Comment 9 Rajat Chopra 2012-07-07 00:00:04 UTC
Done with first part of improving the situation with rev#9062edb0f922844306d5eb150624fa2897bda13d in crankcase.repo! 
Work undertaken ->

1. Mongo save before we create on node

2. raise an exception when destroy fails, after destroy is called upon all gears (and app should not get deleted subsequently)

3. ngears get decremented only after destroy succeeds, and do not delete the gear from group_instance if a failure happens

4. encapsulate destroy logic into a single place (cleanup)



Second part will part of a User Story. Work should undertake saving gears explicitly as an atomic operation. Either that, or prevention of concurrent processes on app should be prevented with locks.

Comment 10 Johnny Liu 2012-07-11 14:28:42 UTC
Retest this bug on devenv_1884, and still can reproduce.
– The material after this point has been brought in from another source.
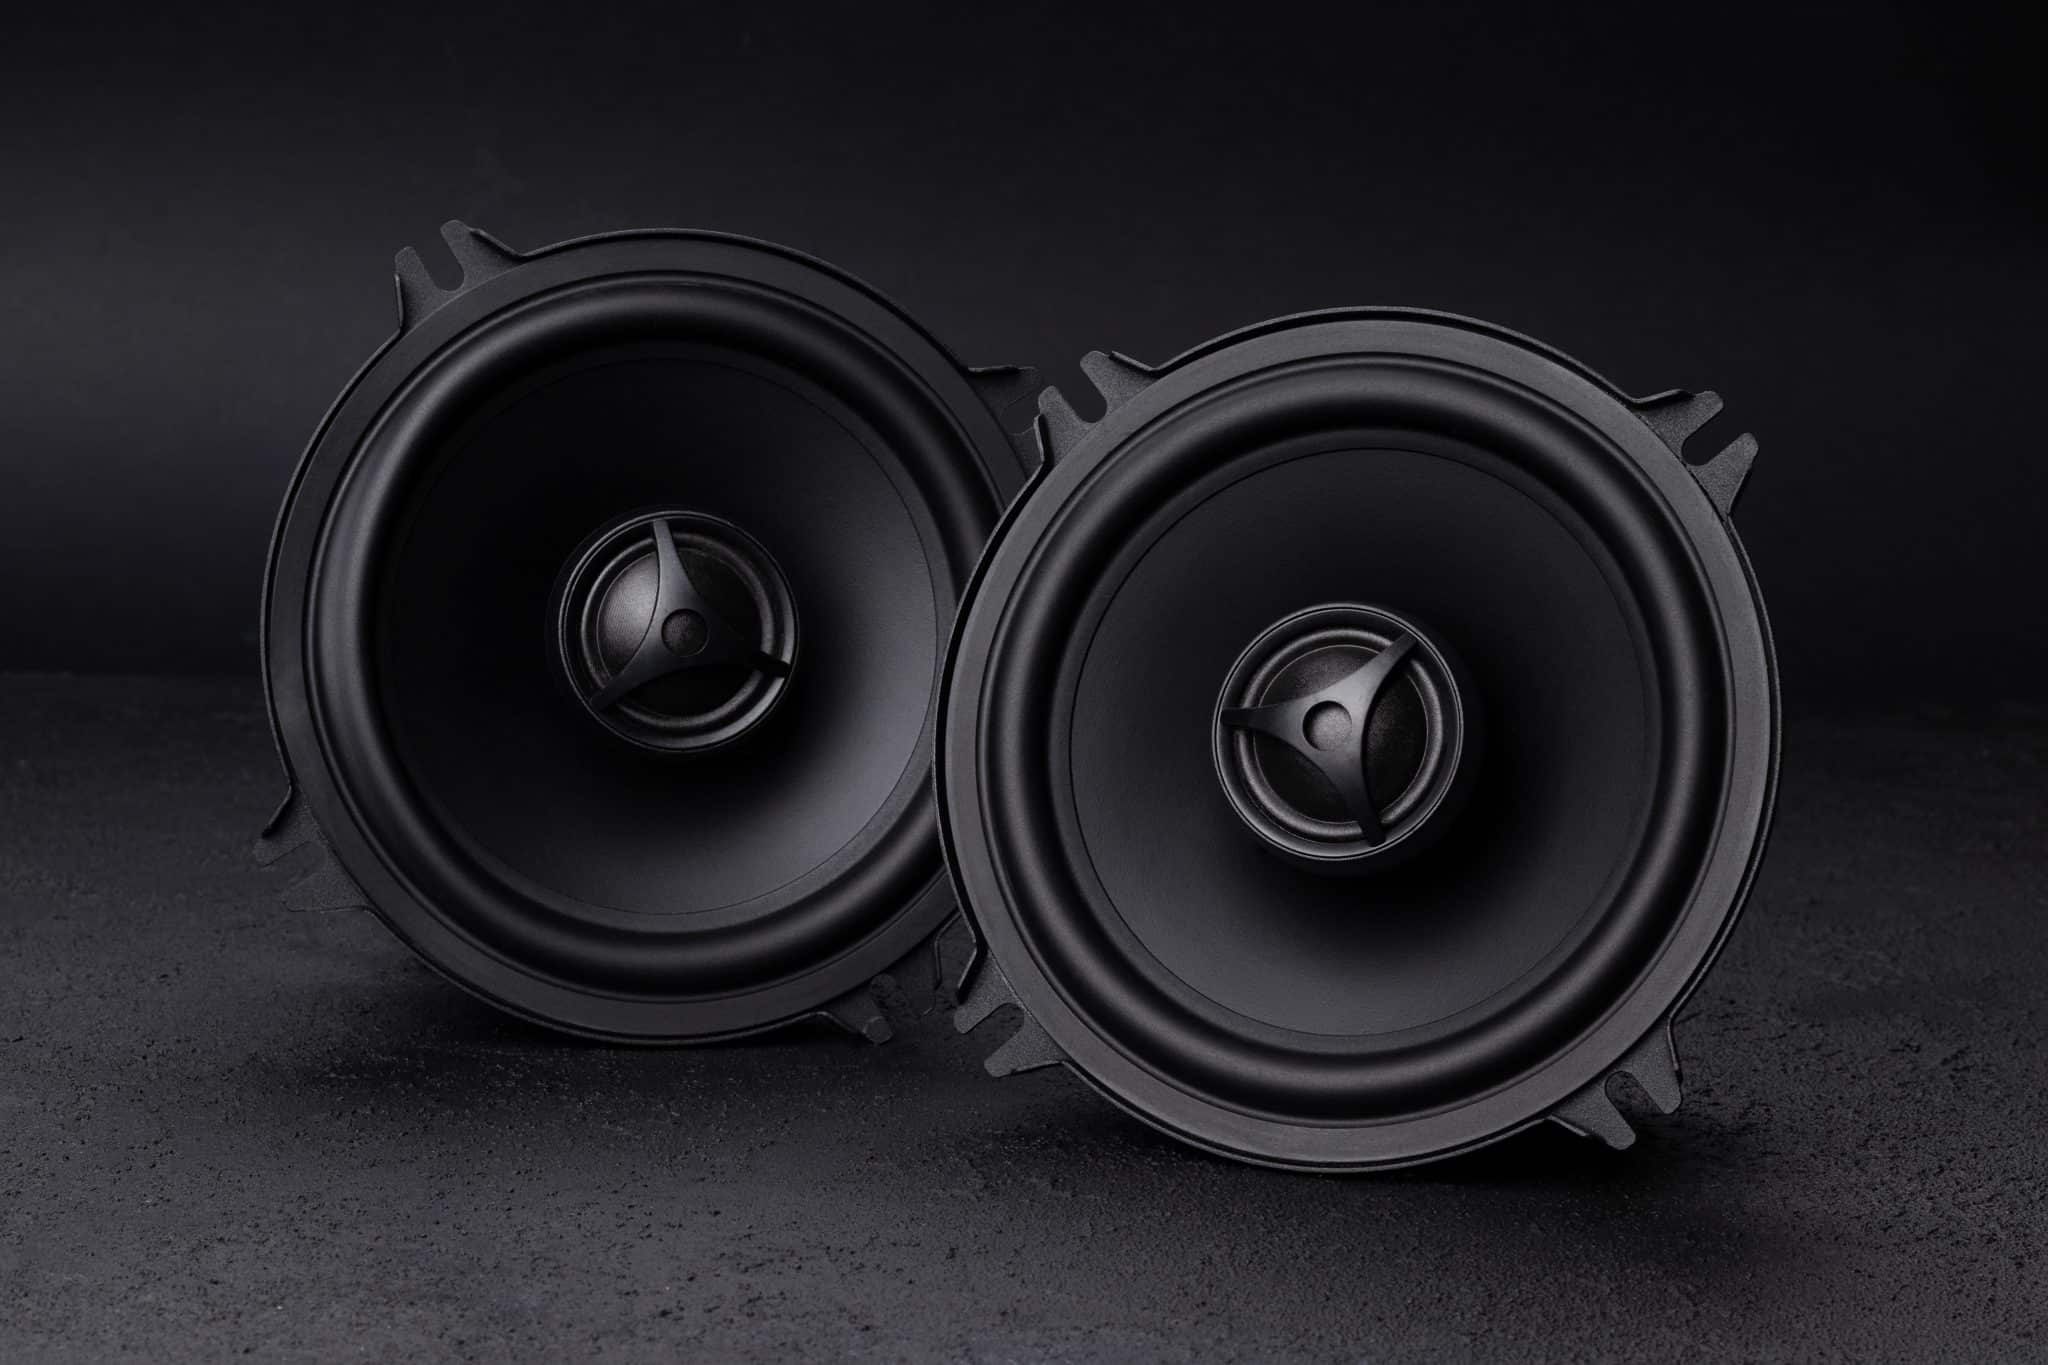 A pair of car audio speakers on a dark background.

I am not sure if this the second part (part of a User Story), if it is, pls move this bug to ON_QA, I will verify it again.


1.Create an user with maxgears=3
2.Change Min to 4 in /usr/libexec/stickshift/cartridges/php-5.3/info/manifest.yml
3.Create an scaling app with above type via command line

Fail to create app, no any gear is saved in mongo, but user consumed gear become 1.

PRIMARY> db.user.find()
{ "_id" : "jialiu", "apps" : [ ], "capabilities" : { "gear_sizes" : [ "small" ] }, "consumed_gears" : 1, "domains" : [ { "uuid" : "44b83b734bfa4f3ba72daac9f035644e", "namespace" : "jialiu" } ], "env_vars" : null, "gear_usage_records" : [ 	{ 	"event" : "begin", 	"uuid" : "414b89874da84cf48395f0ad2149571c", 	"gear_uuid" : "1606f58fc38c4fe1b9d90a6feaa9e4ca", 	"time" : ISODate("2012-07-11T14:16:17.834Z"), 	"gear_size" : "small", 	"sync_time" : null } ], "login" : "jialiu", "max_gears" : 3, "parent_user_login" : null, "ssh_keys" : { "default" : { "key" : "AAAAB3NzaC1yc2EAAAADAQABAAABAQDSv44aEPcObZkAN5VI8XHW23b7JL0wBftkPwtXwHF6ppxnvpIhQNyBy5crHWGrigEOGLsJWH7hmo/rfkELuhfpdaGIB582AAJ5Eeug+Fv7yQFQodCafALhh/piXXnJ7xsnFpy6Pz5OVuxC2nRoew8oqSIjKaHTdjzuSPNRviEKLTypcREtnQp7nCCTDm3NFjaM40tDA3/i9m708qViQHv5tqkdyrfLMu5Lq+oJMrzP911aCn3F0GTc+T/cUC/R2ay5wLhv9FT+eTrDSOsMFt9BZYFT+mfSyIJhaGuxB7OUQ3qf4RRMo+0hGINRSLldFtRaZiQUyqw6nKPR460MfgMN", "type" : "ssh-rsa" } }, "system_ssh_keys" : null, "uuid" : "307d5fbf4c2c4fd9a21d349d4f177045", "vip" : false }

Comment 11 Rajat Chopra 2012-07-11 21:16:55 UTC
Fixed with rev#870689373c385ce50d395bf92f430b72e3ff5d8a in crankcase.repo

Comment 12 Johnny Liu 2012-07-12 06:51:27 UTC
Verified this bug on devenv-stage_223, PASS.